1. Buy a 92mm noctua slim fan
2. Remove the pci slot cover directly below your gpu
3. drill a couple 1/8" holes in the slot cover, ~95mm apart
4. use (4) 5" zip ties in a square to secure the fan to the pci slot cover. trim excess off the zip ties
5. put slot cover and fan back into pc and setup the fan in whatever you're using for controller software
I have the RTX 2070 Super FE does this use the ribbon cable as well? Or does it use the 4 pin? Also, how much taller is this setup than the stock card? I have a micro atx case not sure if I have the room to fit the kraken g12 with a radiator and fans below it. (corsair crystal 280x)
I'd love to know if there's any feasable way to cram this under the GPU in an M1. I've been considering building a custom GPU loop with a low profile radiator, but honestly I don't want to go through the trouble and I'd highly prefer to use an AIO. I've considered using two 120m Kraken (CPU/GPU) but I'd love to find a way to rig in two 240s
You're wrong about fan control.
NZXT CAM software, allows you to select what the AIO is cooling. as long as its plugged into the USB header on the MOBO.
This bracket actually broke my 980ti. It worked for two hours, after the foam blocks got squished and put uneven pressure on the die and cracked it. I asked NZXT and they said a "the bracket had no capability to break a GPU because it was just that, a bracket." So I asked them why did the Amazon page claim the bracket itself, increased cooling up to 40%.
He didn't respond to that, instead told me the bracket couldn't do this or that. I've delided a 6700K I'm still using with a 22% overclock on it. DIY isn't something new for me.
Note, I never asked for a refund or reambursment, I just literally said that should use a better mounting solution that doesn't rely on cheap foam.
I also knew a guy who had a Kraken pump, it died after 2 years. They didn't want to replace it. Don't know the story there. He also said the customer service was terrible.
I have a 2070 super now. Great card.
I had an x52 go bad on me after three years. They asked me a few questions, then issued a replacement which arrived a day later.

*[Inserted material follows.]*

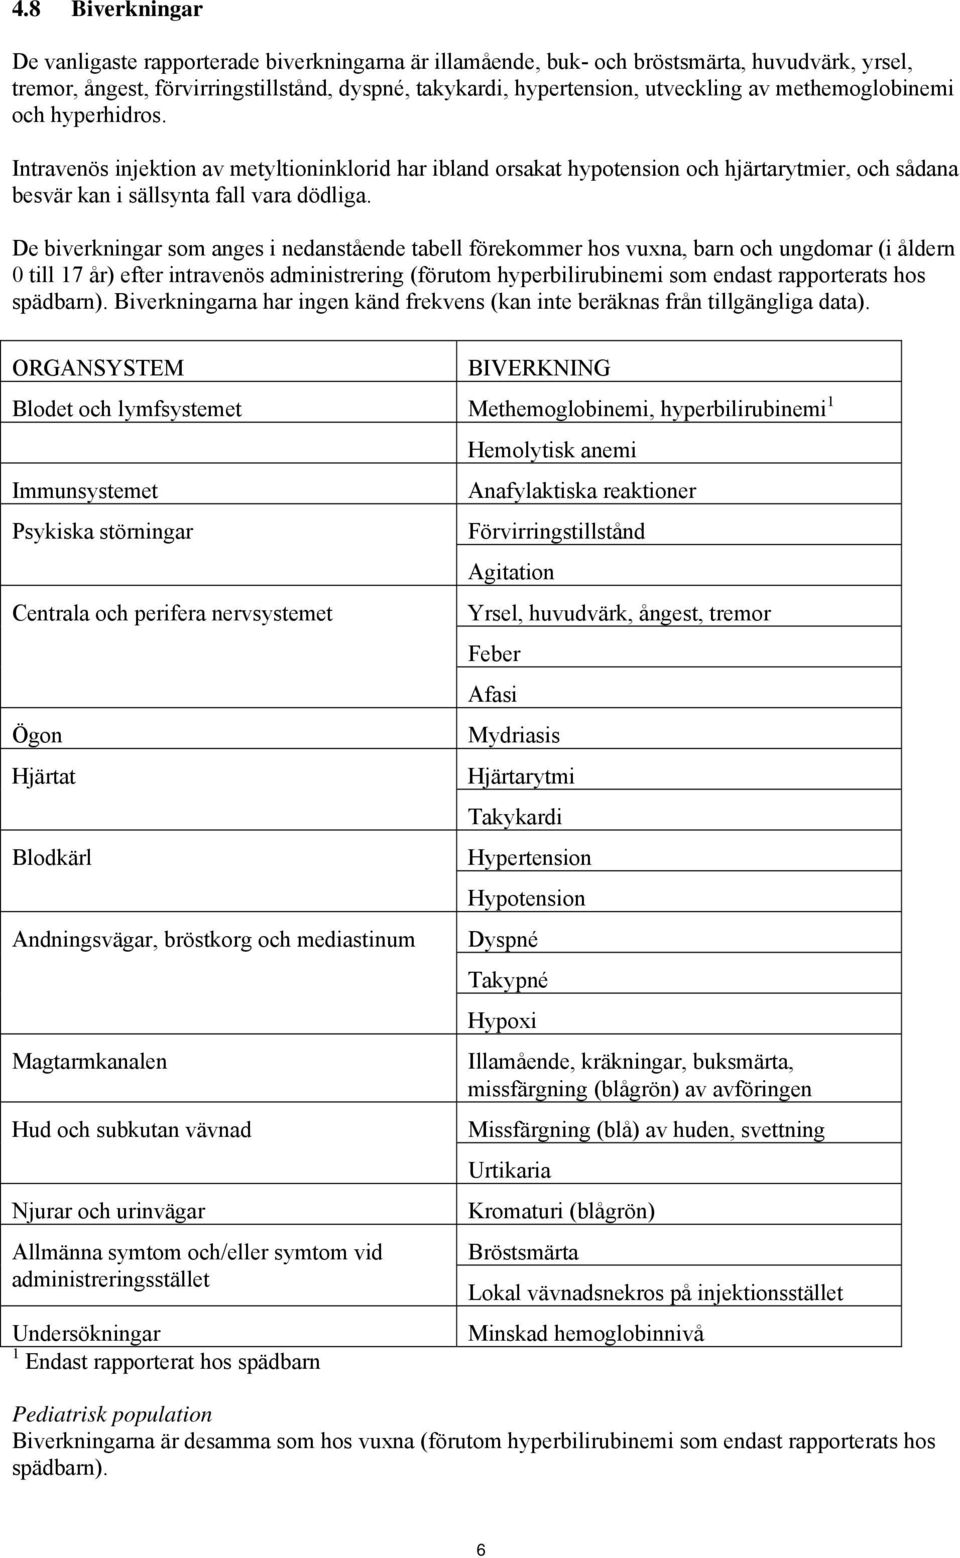 De biverkningar som anges i nedanstående tabell förekommer hos vuxna, barn och ungdomar (i åldern 0 till 17 år) efter intravenös administrering (förutom hyperbilirubinemi som endast rapporterats hos

My customer service experience was great.
You definitely over tightened it. Should only be finger tight
Hi, nice video, thanks! Question, is there no way at all to use the temperature on the GPU to control the fans? I.e. to connect the fans to the GPU instead of the motherboard? I see other GTX2080's do have this option by using a GPU Fan adapter... Has anyone had any success with this on this particular card?
QUestion: Where did you plug your fan to the radiator into? Does it make sense to use a PWM to dual fan spliter - from the graphics card to each fan?
is the NZXT Kraken G12 compatible with a smaller AiO cooler from Corsair? Or does it require the use of only NZXT AiO? I saw you had a corsair, was that a H60?